Il est en train de se passer quelque chose
Y a pas à dire, il est en train de se passer des choses étranges avec ce club… le genre de choses qu’on n’a pas vues depuis très longtemps.
Quelles sortes de choses, au juste ? Eh bien, par où commencer ? Des gars qui sortent de nulle part pour enfiler la cape du héros. Des acrobaties du gardien. Des bonds favorables de la rondelle… Voilà un peu ce que l’on voyait jadis, et assez souvent, dans un autre bâtiment situé pas trop loin de celui-ci, mais plus à l’ouest, avenue Atwater.
Ceux qui ont connu les beaux jours du Forum vous le diront : la victoire de 3-2 du Canadien en prolongation, vendredi soir au Centre Bell, avait des allures de match du bon vieux temps.
Dans le temps où les Bruins avaient trop de joueurs sur la glace, dans le temps où un but a été refusé à Alain Côté, dans le temps où Claude Lemieux surprenait Mike Liut avec un bâton qui n’était même pas le sien.
La cape du héros ? Cette fois, c’est Josh Anderson qui l’a portée. Le même Josh Anderson qui avait un seul but en 24 matchs, mais qui en a réussi deux en ce vendredi soir contre Vegas, et dans des circonstances dignes de l’époque des Fantômes du Forum ; le premier sur une sortie bousillée de Marc-André Fleury, le deuxième sur un lobe en apparence inoffensif, qu’il a capté de la lame de son bâton tel un aigle capte sa proie. La passe poétique de Byron a fait le reste.

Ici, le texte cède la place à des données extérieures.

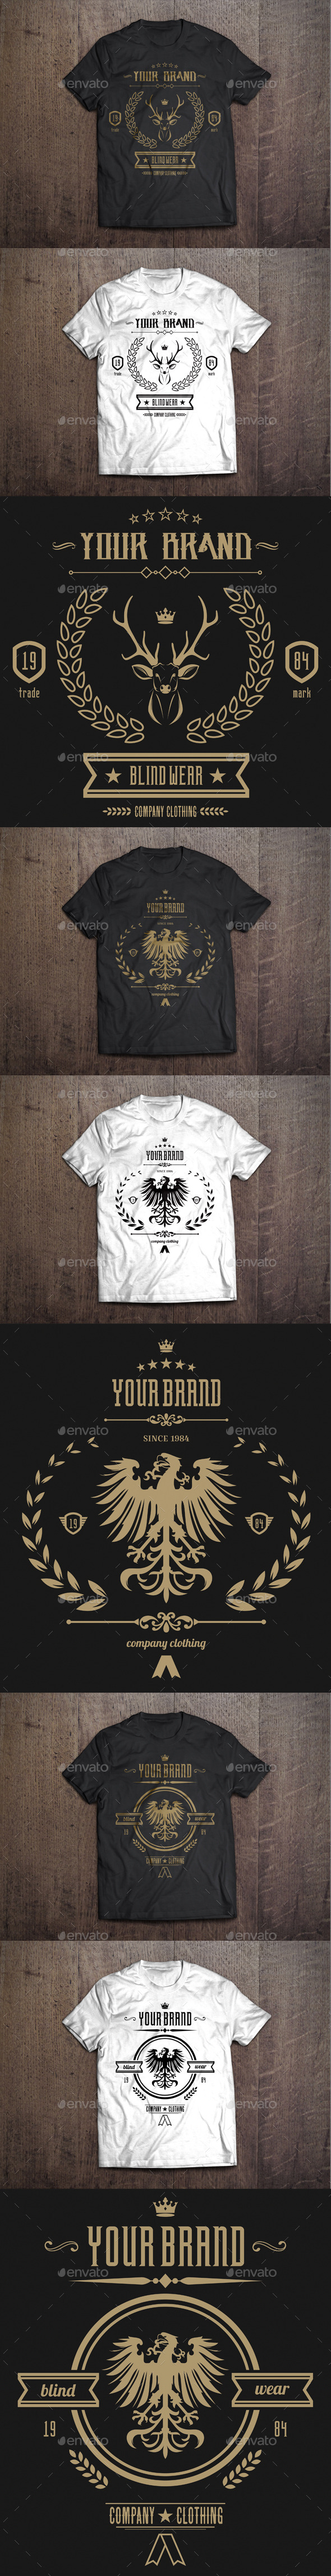 3 T-Shirt Template #1 - T-Shirts
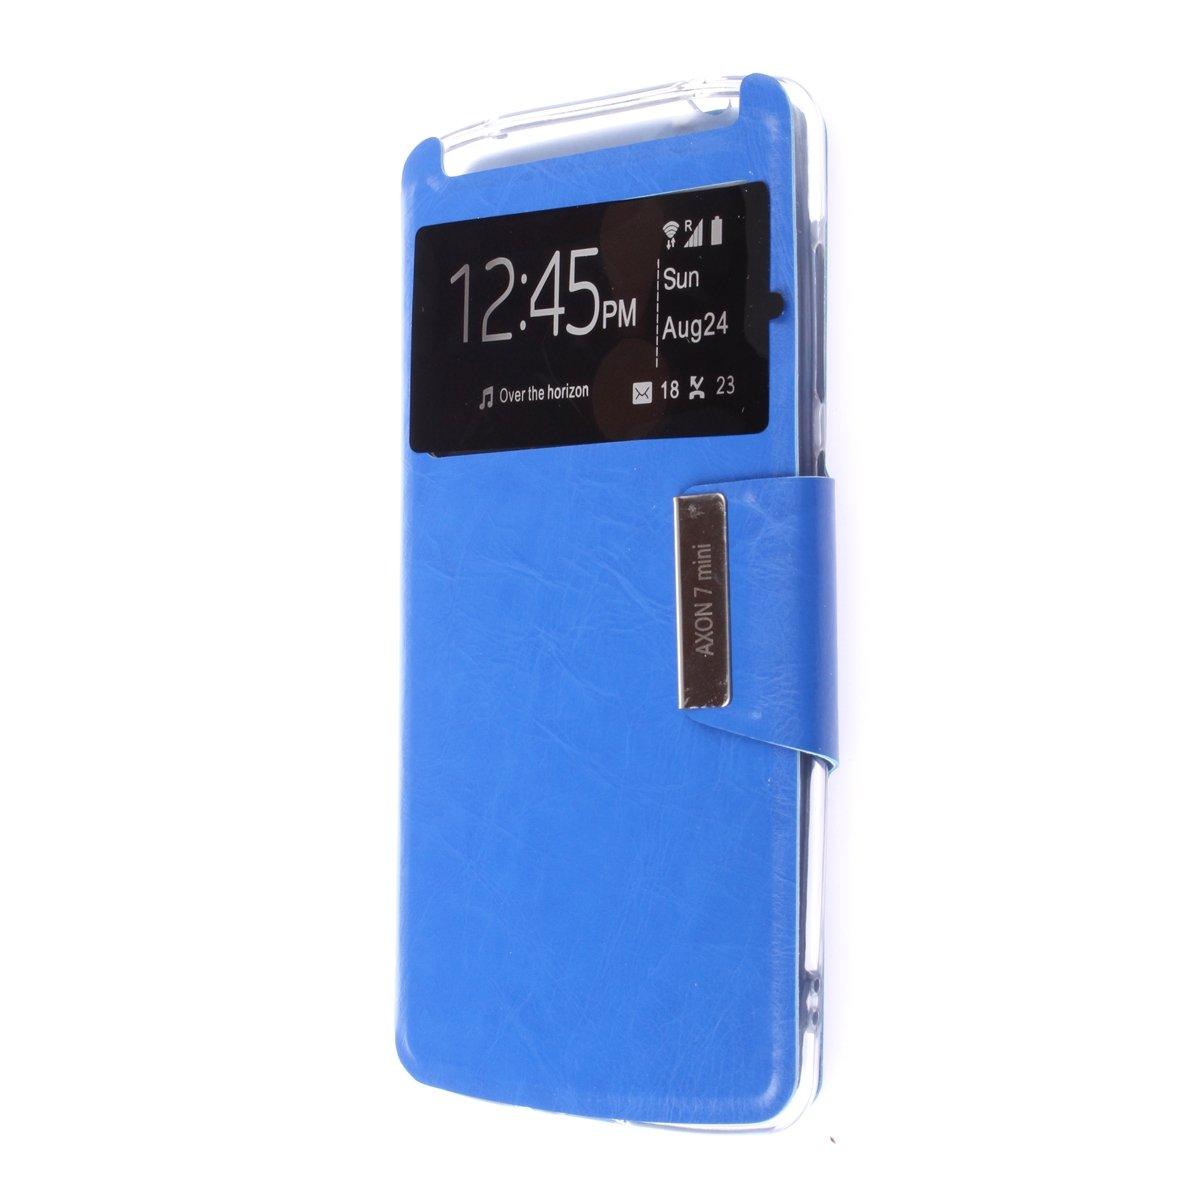 MISEMIYA - Carcasa para ZTE Axon 7 Mini: Amazon.es: Electrónica

Les acrobaties ? Carey Price a passé sa soirée à en faire, et à l’heure qu’il est, on peut présumer que ce pauvre Alex Tuch n’a pas dû passer une bonne nuit, parce qu’il a dû revoir et revoir dans sa tête le vol que Price lui a fait en pleine face en étirant la jambière. Si Tuch marque sur ce jeu, c’est fort probablement 2-1 Golden Knights dans la série.
Mais ce n’est pas arrivé, et c’est plutôt le Canadien qui est en avance 2-1. C’est bien pour dire.
Les bonds favorables ? On vous ramène aux deux buts d’Anderson… C’est le genre de petits détails qui peuvent épuiser l’adversaire, qui commence à croire qu’il doit se battre contre… des fantômes, justement. « Lors de la prolongation, on a senti combien ils étaient fatigués », a d’ailleurs fait remarquer Anderson.
Cette journée folle avait commencé de très mauvaise façon, avec l’entraîneur Dominique Ducharme forcé à une retraite préventive en raison de ce qui allait s’avérer un test positif à la COVID-19. Ducharme a tout de même pu s’adresser aux troupes avant et après le match par Zoom, et le nouvel entraîneur (lui-même intérimaire !) Luke Richardson a expliqué que Ducharme avait tout de même pu aider à diriger le club à distance.
Phillip Danault a très bien résumé tout ça.
« Cette journée a été à l’image de notre saison… le vent dans la face. Mais on trouve une façon de gagner. Ç’a été une grosse victoire. Et ç’a été à l’image de l’année au complet. Mon équipe, je la trouve spéciale. »
— Phillip Danault
Tout cela est très spécial, en effet.
Qui aurait pu prévoir un pareil scénario ? Il n’y a pas si longtemps, avec un retard de 1-3 dans la série face aux Leafs, on conjecturait sur l’identité du prochain coach et sur la journée de congédiement de Marc Bergevin. Si jamais Patrick Roy a pris la 20 à bord de sa voiture, il a probablement dû virer de bord une fois rendu au Madrid.
Ce n’est pas terminé, bien évidemment, et les Chevaliers dorés peuvent toujours s’en remettre. Mais des fois, il est bien difficile de vaincre un club dont la destinée semble tracée d’avance.
Le Canadien a eu ce genre de club en 1986 et en 1993. Force est d’admettre que le club de 2021 commence à ressembler à ça également.